AIM OF THE TASK -
With the pictures left aside, write out the entries that follow exactly.

SUPPLIED ENTRIES -
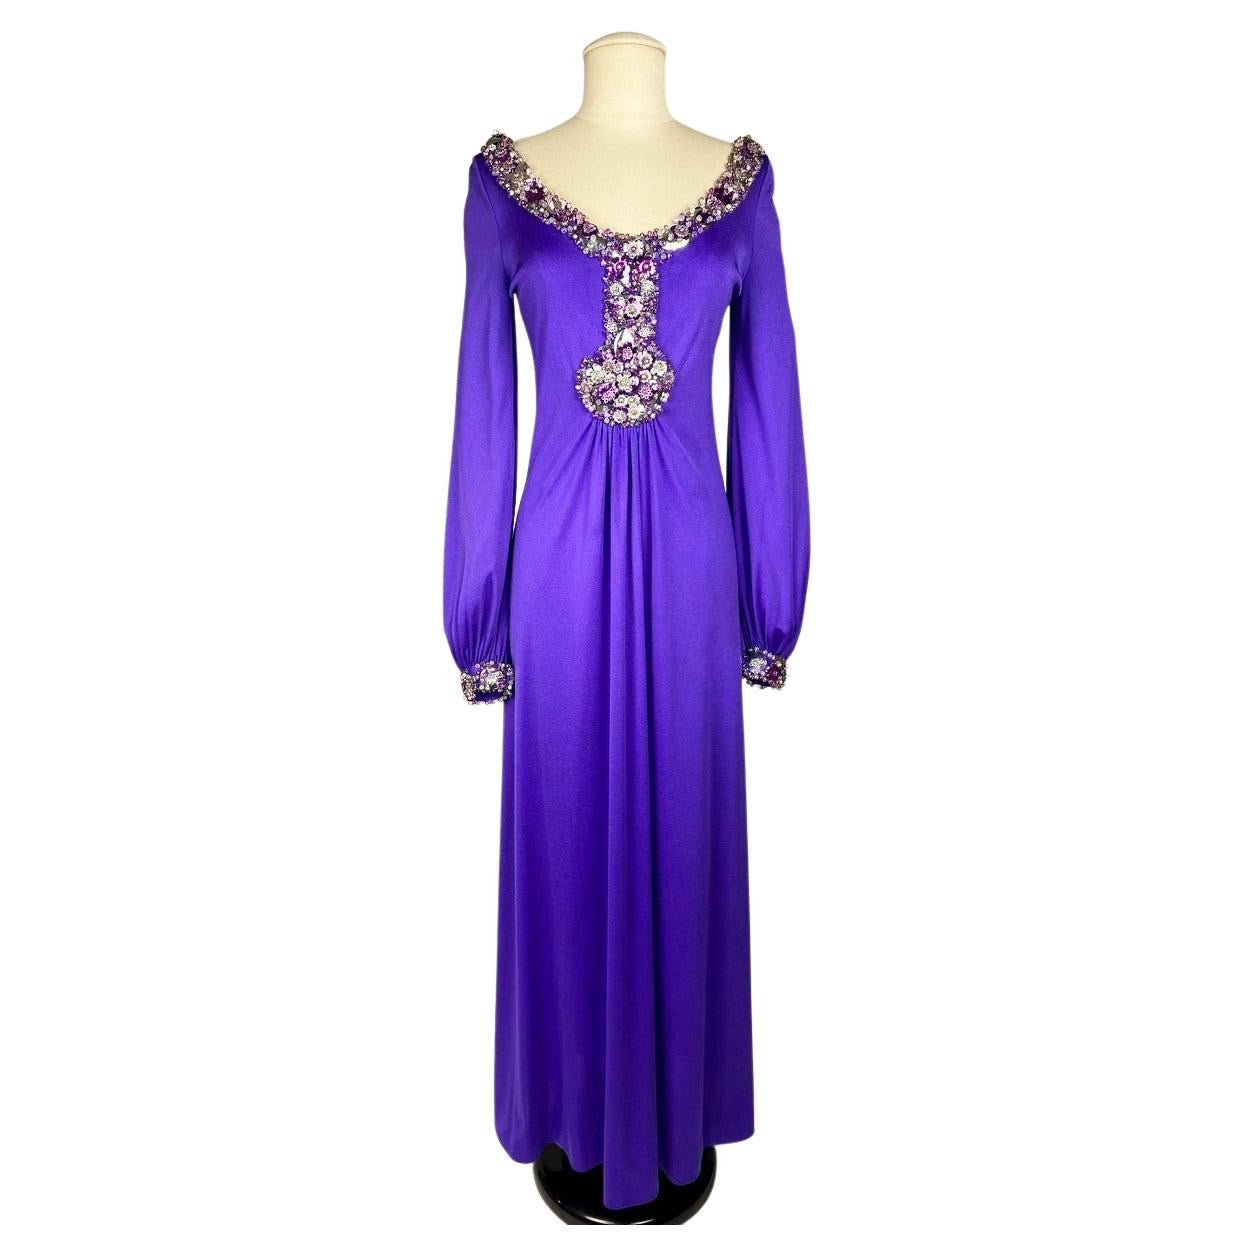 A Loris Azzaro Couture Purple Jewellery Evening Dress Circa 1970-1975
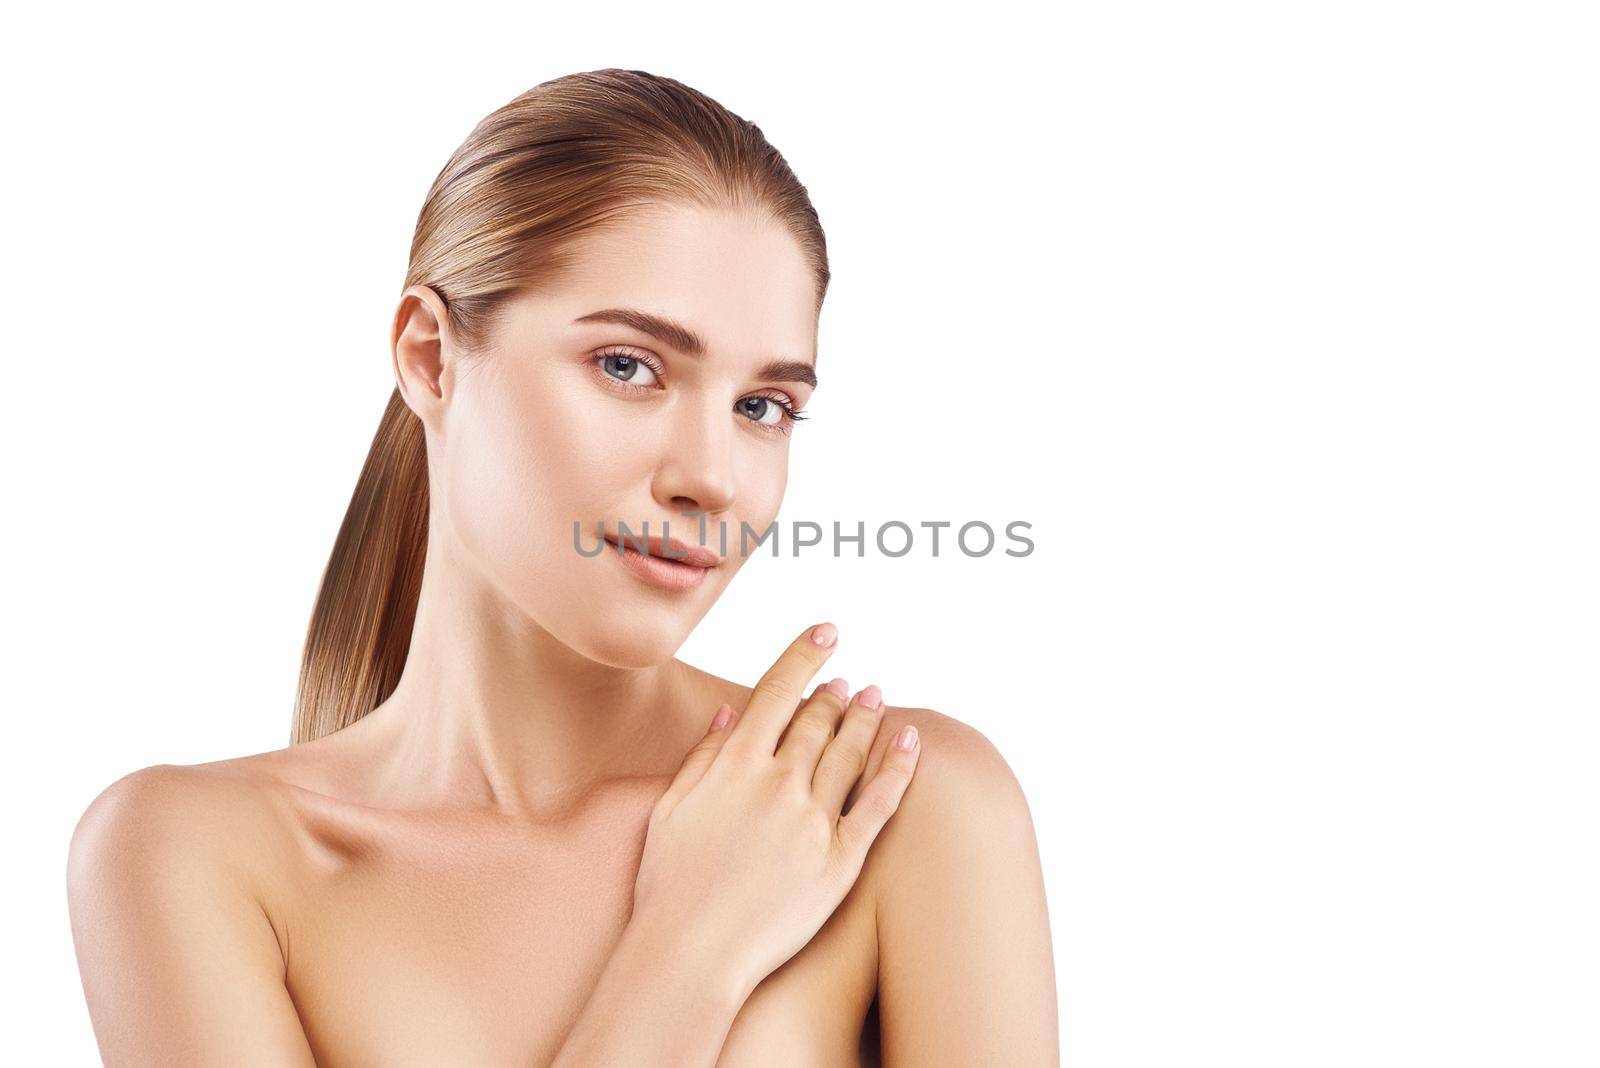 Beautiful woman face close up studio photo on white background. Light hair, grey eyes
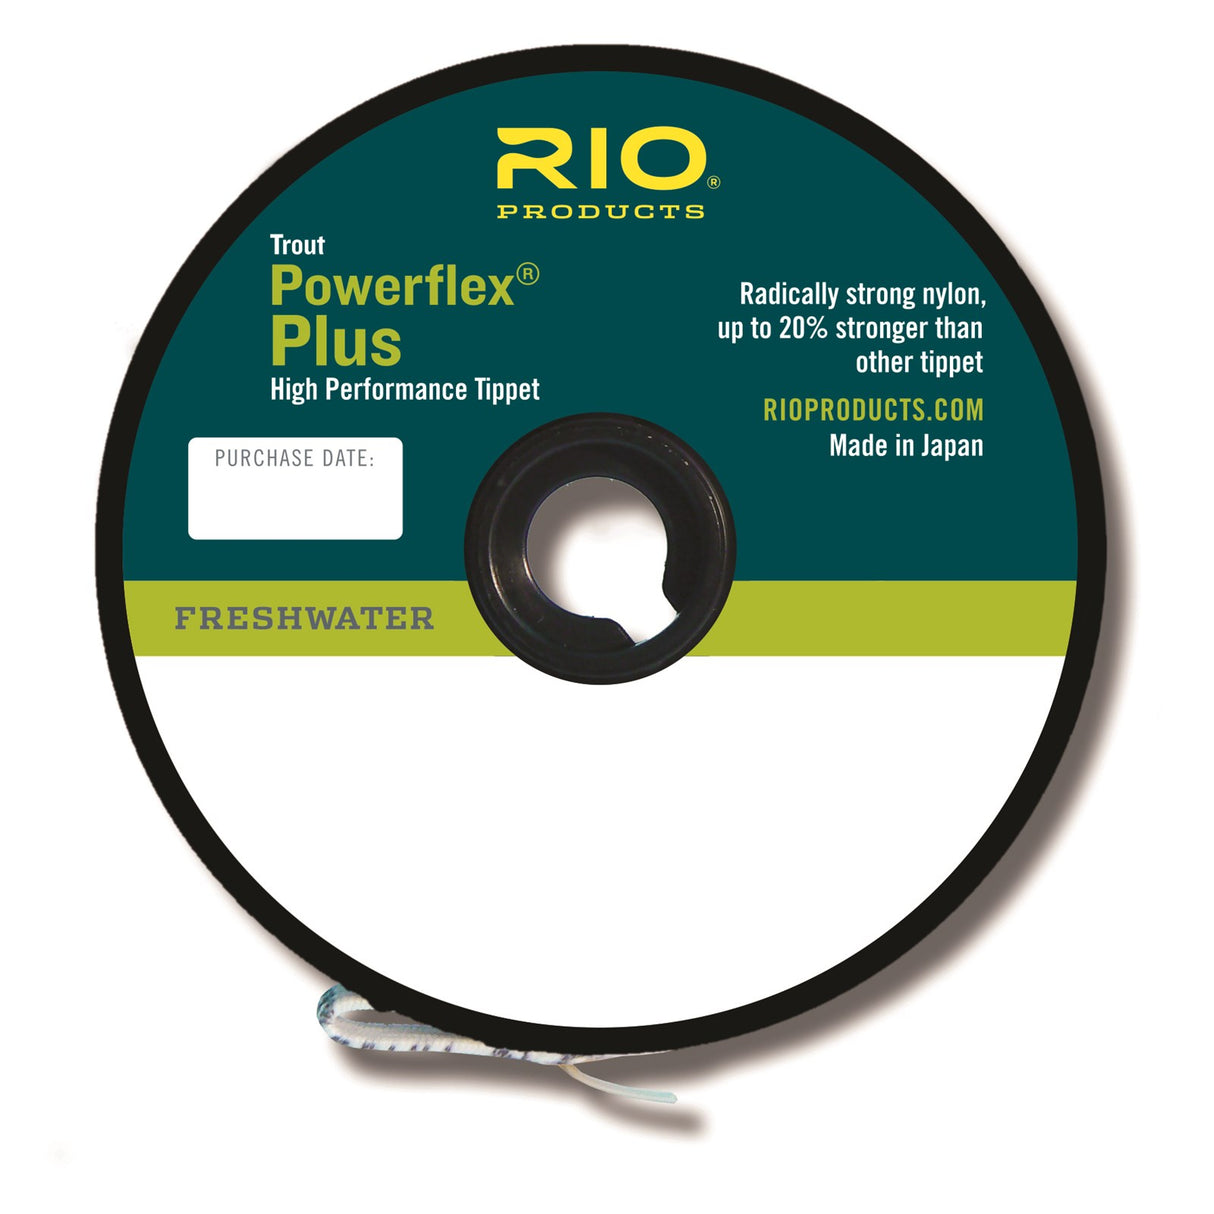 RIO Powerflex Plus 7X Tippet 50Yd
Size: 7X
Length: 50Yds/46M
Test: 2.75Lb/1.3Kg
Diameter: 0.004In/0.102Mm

YOUR RESPONSE -
 A Loris Azzaro Couture Purple Jewellery Evening Dress Circa 1970-1975
 Beautiful woman face close up studio photo on white background. Light hair, grey eyes
 RIO Powerflex Plus 7X Tippet 50Yd
Size: 7X
Length: 50Yds/46M
Test: 2.75Lb/1.3Kg
Diameter: 0.004In/0.102Mm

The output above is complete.